The games have received overall positive reviews, with the most acclaimed title in the series being the 1999 Medal of Honor. As of 2016, the series sold over 39 million copies, making it one of the best-selling video game franchises of all time.

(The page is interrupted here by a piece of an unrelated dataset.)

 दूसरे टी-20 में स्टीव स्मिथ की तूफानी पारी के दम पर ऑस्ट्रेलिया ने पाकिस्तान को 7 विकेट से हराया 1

Aggregate review scores As of April 17, 2021.
| Game | Metacritic |
|---|---|
| Medal of Honor (1999) | (PS) 92 |
| Medal of Honor: Underground | (PS) 86 (GBA) 46 |
| Medal of Honor: Allied Assault | (PC) 91 |
| Medal of Honor: Frontline | (PS2) 88 (Xbox) 81 (GC) 80 |
| Medal of Honor: Rising Sun | (GC) 68 (PS2) 68 (Xbox) 65 |
| Medal of Honor: Infiltrator | (GBA) 80 |
| Medal of Honor: Pacific Assault | (PC) 80 |
| Medal of Honor: European Assault | (PS2) 73 (Xbox) 72 (GC) 71 |
| Medal of Honor: Heroes | (PSP) 71 |
| Medal of Honor: Vanguard | (PS2) 63 (Wii) 56 |
| Medal of Honor: Airborne | (PC) 78 (PS3) 75 (X360) 73 |
| Medal of Honor: Heroes 2 | (Wii) 73 (PSP) 69 |
| Medal of Honor (2010) | (PS3) 75 (X360) 74 (PC) 72 |
| Medal of Honor: Warfighter | (PC) 55 (PS3) 55 (X360) 53 |
| Medal of Honor: Above and Beyond | (PC) 67 |

==Awards==
Guinness World Records awarded the Medal of Honor series with a world record for Best-selling FPS franchise in the Guinness World Records: Gamer's Edition 2008.

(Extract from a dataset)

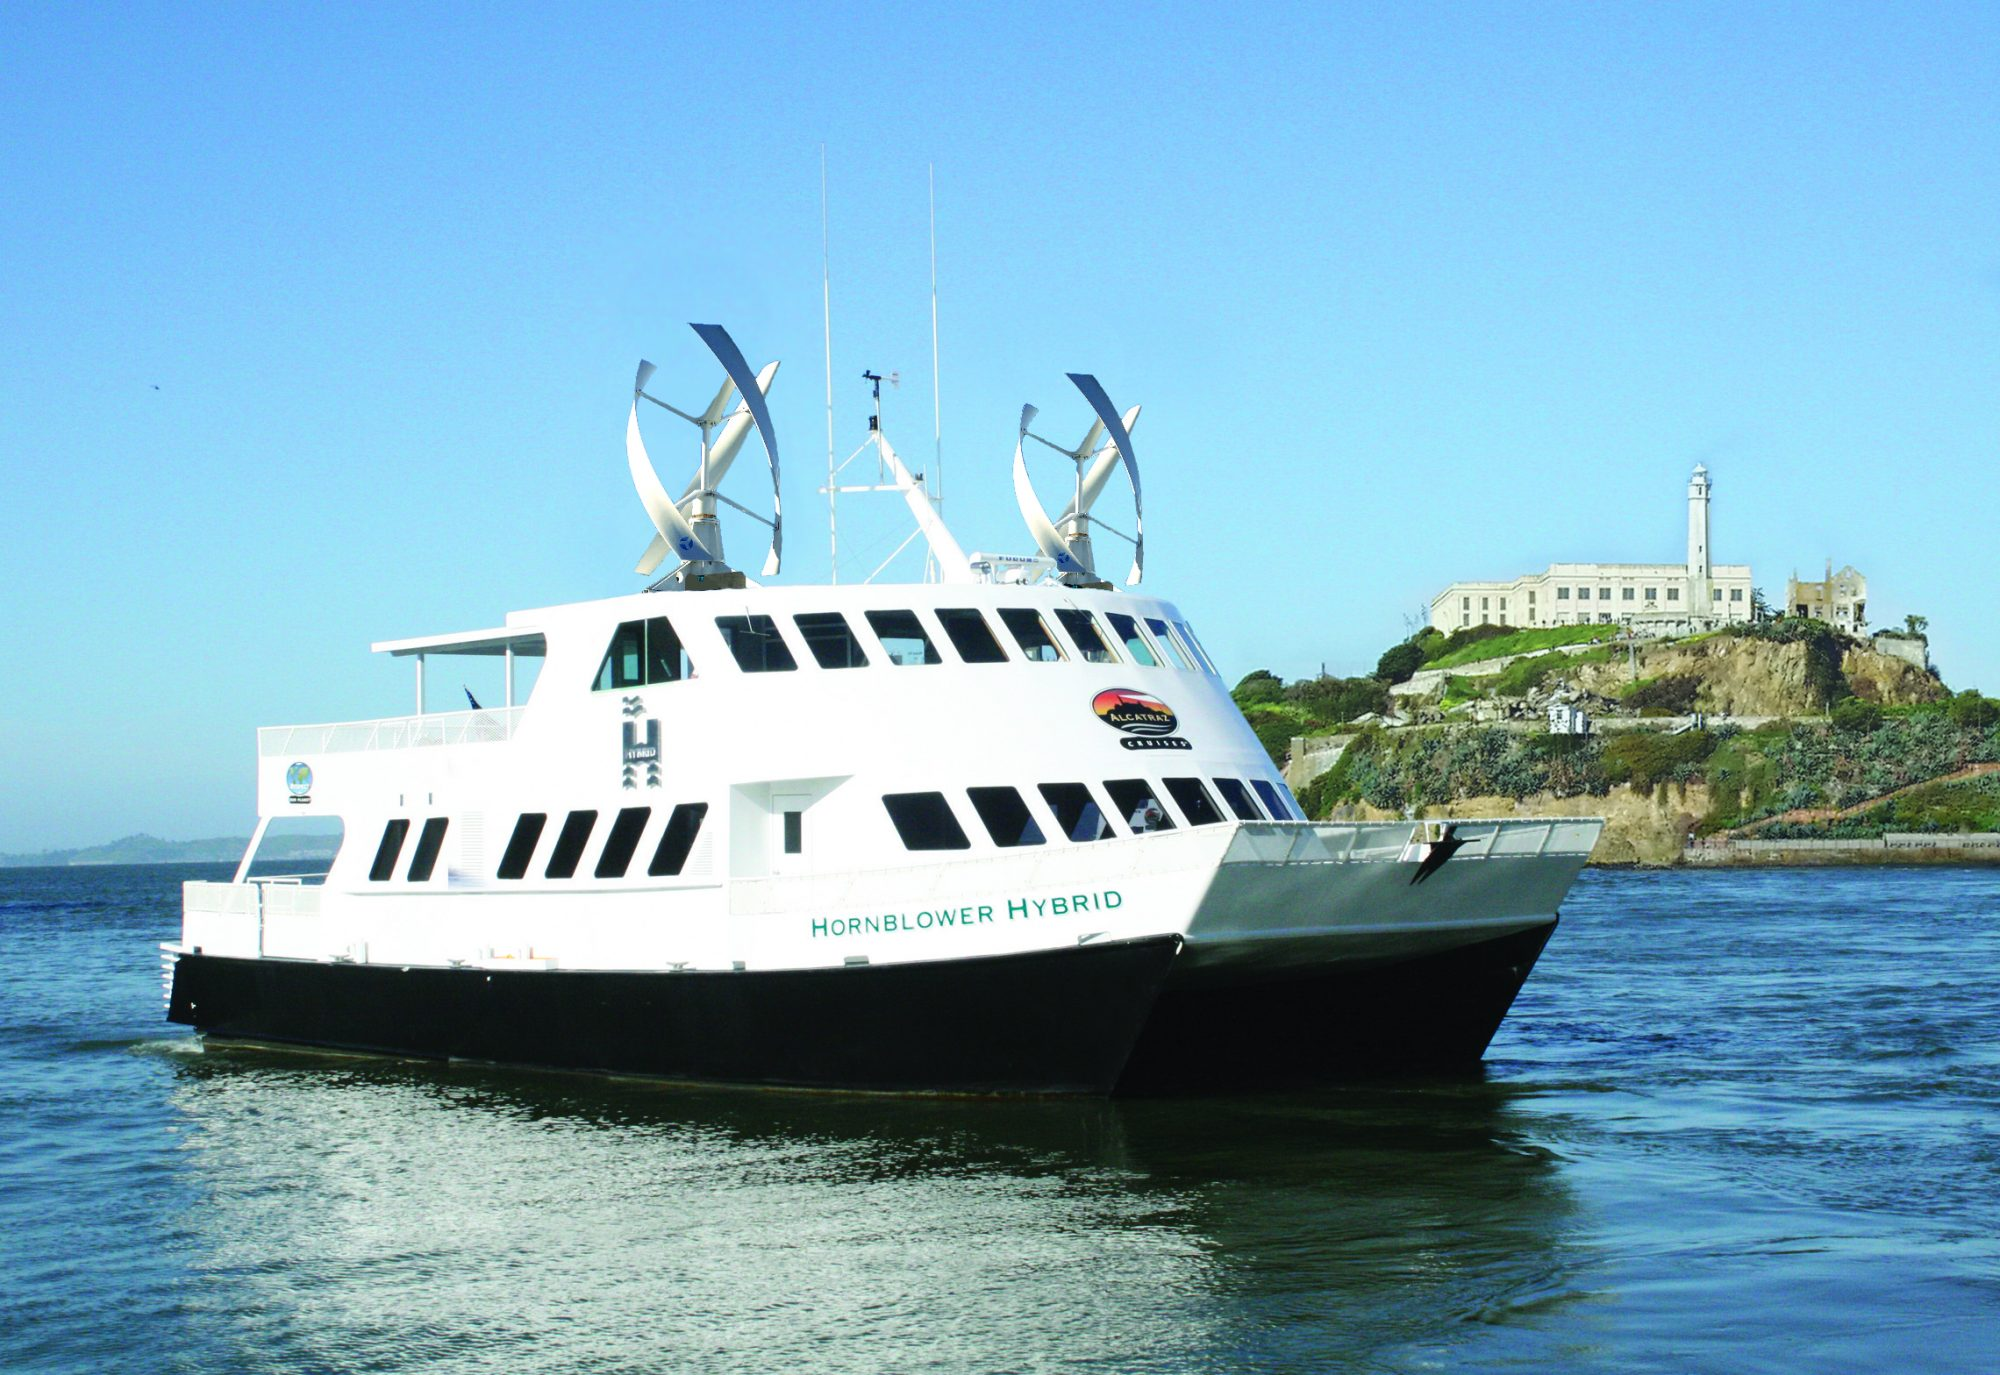 Hornblower-Hybrid-e1512419780886 (1)

Colette, a short documentary included in the gallery mode for Medal of Honor: Above and Beyond, won the Academy Award for Best Documentary Short Subject at the 93rd Academy Awards. Though not mentioned by name in the Academy citation, Medal of Honor is arguably the first video game series ever to receive an Oscar for its content.